Manly-Looking Men May Have Poorer Semen Quality
WHY YOU SHOULD CARE
Because the biggest, strongest dude in the bunch might not necessarily be the most fertile.
By Melissa Pandika
Quality doesn’t always come in strong, sturdy packages — at least when it comes to sperm.
A recent study in the Journal of Evolutionary Biology bolstered earlier findings that hotter dudes have higher-quality sperm; that the little guys moved faster, and more of them looked physically normal, making it more likely that they would fertilize an egg. But here’s a twist:
Studies have shown that women tend to prefer men with attractive faces — symmetrical faces with clear skin, for example — since they might signal health and intelligence, characteristics that they can pass on to their children. But few studies have investigated whether men’s facial attractiveness could also indicate their fertility.
To find out, scientists from the University of Valencia in Spain, the University of Western Australia and other institutions asked college dudes to get down and dirty, analyzing ejaculated semen from 50 white University of Valencia students. They peered at the samples through a microscope to calculate the percentage of motile and normal-looking sperm in each, and took frontal and profile photos of each volunteer.
Manly-looking men tend to have more sex, so even if their sperm isn’t top-notch, they still stand a good chance of impregnating their mates.
They also recruited about 200 students from the University of Valencia and the Universidad del Norte in Colombia — all heterosexual — to evaluate the photos. They asked the female students from each group to rank the men’s attractiveness as possible long-term partners, and the men to rate how attractive the sperm donors might appear to a straight woman.
The scientists then rated the masculinity of each donor’s face, measuring characteristics that earlier studies had found differ strikingly in men versus women — like cheekbone width, which is larger in men and has been shown to correlate with testosterone levels and testosterone-linked traits, like aggressiveness and physical strength.

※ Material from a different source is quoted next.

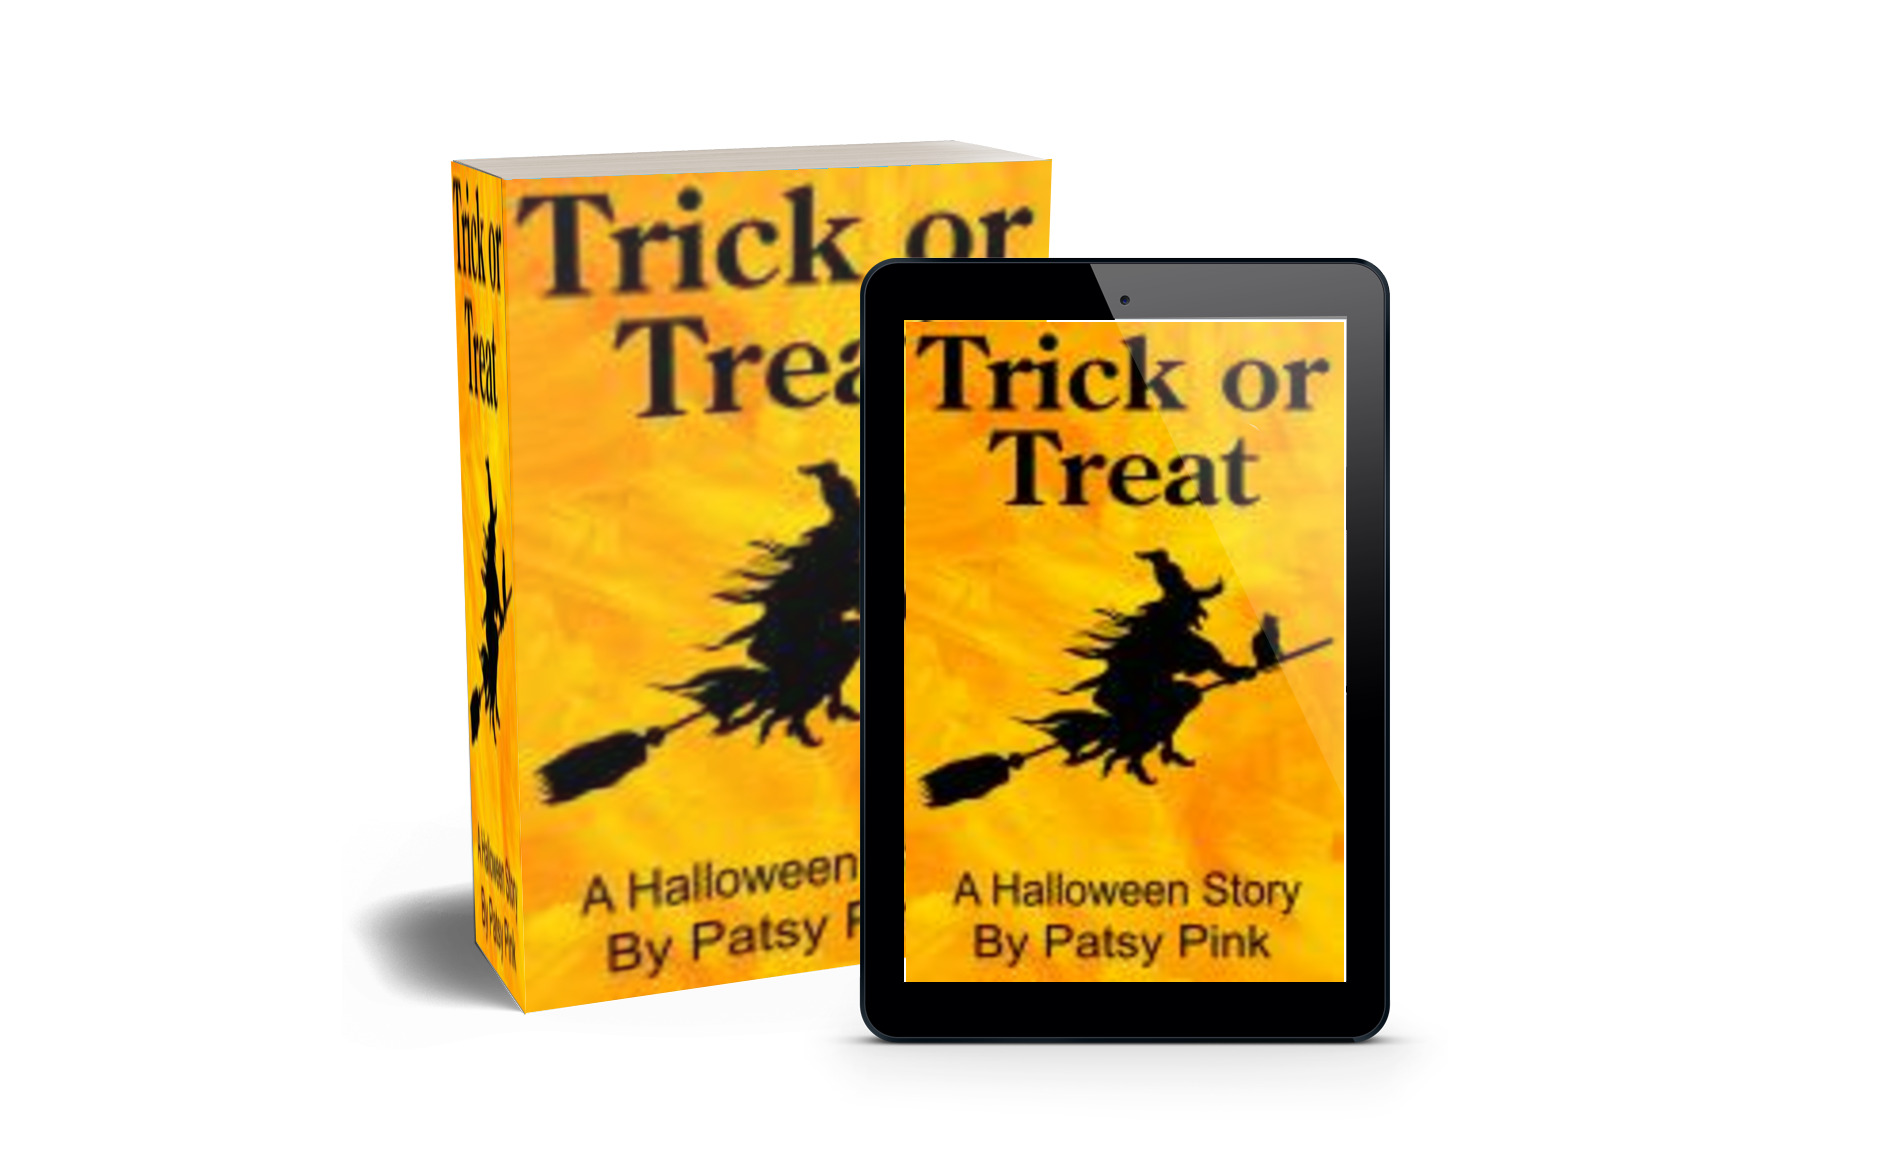 Trick Or Treat is a Halloween story by Patsy Pink storyteller of adventure and magic. Are you ready to begin your adventure into the world of possibility?

Sure enough, men rated as more attractive, generally, tended to have healthier semen. But cheekbone width was negatively associated with sperm quality. In other words, “men with more masculine (i.e., wider) faces tend to have poorer-quality semen than more feminine-faced men,” the study authors wrote.
Why? Maybe because the heightened testosterone levels that contribute to masculine features can impair sperm production. Or there may be a trade-off between how much sex men have and their sperm quality. The study notes that some researchers theorize that manly-looking men tend to have more sex, so even if their sperm isn’t top-notch, they still stand a good chance of impregnating their mates and passing on their genes. But less masculine guys — even if they’re generally nice to look at — hit it less and need to capitalize on every coital encounter.
Of course, the researchers note that they need to conduct further studies to determine whether their findings apply to other cultural groups, too. But they still suggest that brute and brawn don’t always win the race.